So per this question- a month before the Police Officer meets the Runaway Child 'magic' suddenly appears in a 90s era Earth. Roughly 1 in 10,000 people start demonstrably using 'magic' and they can be anyone: man or woman, child or elder, no difference whatsoever between given humans.
Some of these magic-users have hidden, some reveal themselves and offer to help, and some promptly start trying to abuse these new powers. The abusers are especially eager to seek out and kill other magic-users because they can steal spells and raw power that way.
Now with that all said- I have a question, "What are the Police Officer's legal responsibilities for dealing with a runaway child and what he should do about them?"
There are, for this prompt, no unique laws to consider beyond typical 90s New York City law.
The Police Officer and his issue:
- He's a regular street cop, not any inherent child-based part of the force, he happened across the situation accidentally
- He has encountered a child who clearly does not belong to the family the child is living with- the family has absolutely no legal connection to the kid: not blood relation, not godparents, etc.

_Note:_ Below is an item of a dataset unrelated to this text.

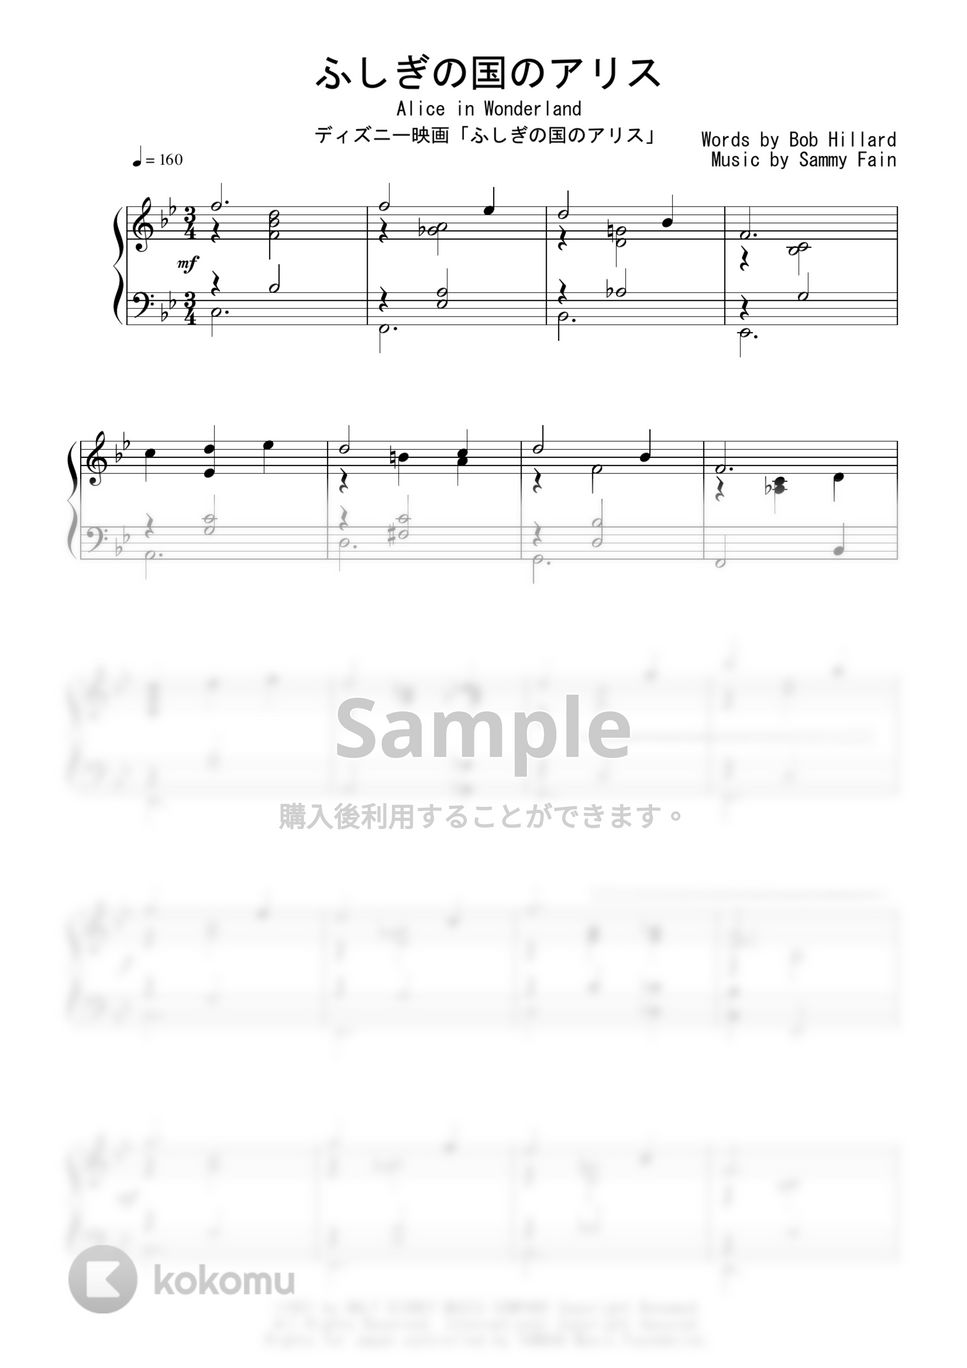 ディズニー映画『ふしぎの国のアリス』OST - ふしぎの国のアリス (Jazz Ver.) by Peony

- The family (a married man and woman in their 20s) admits the above point after some prompting
- The child is 12 years old and doesn't want to cooperate with the police officer or any other person that isn't the family
- The child refuses to give any hints about where he's from: no real name, no real home, no names of real parents- his possessions have no hint either
- The family doesn't know where the kid is from and he refuses to tell them too
- The family is willing to feed and take care of him and the kid is willing to stay put with them
- The family is willing to cooperate with the police officer but maintain the child will run away if he gets upset and they cannot stop him from doing so
- It is understood by all parties that other magic-users will hunt the child down on-sight
- There are no magic-users at this point in the 90s NY police force or any other NY city 'authority' position like school-teachers, doctors, government, etc.
Somewhat related but the child can use magic to shatter brick walls, throw cars hundreds of feet, and tear apart metal plates. The magic functions (for him) as single instances of produced force on objects and/or people. The policer officer knows this but I don't believe that changes his legal obligations.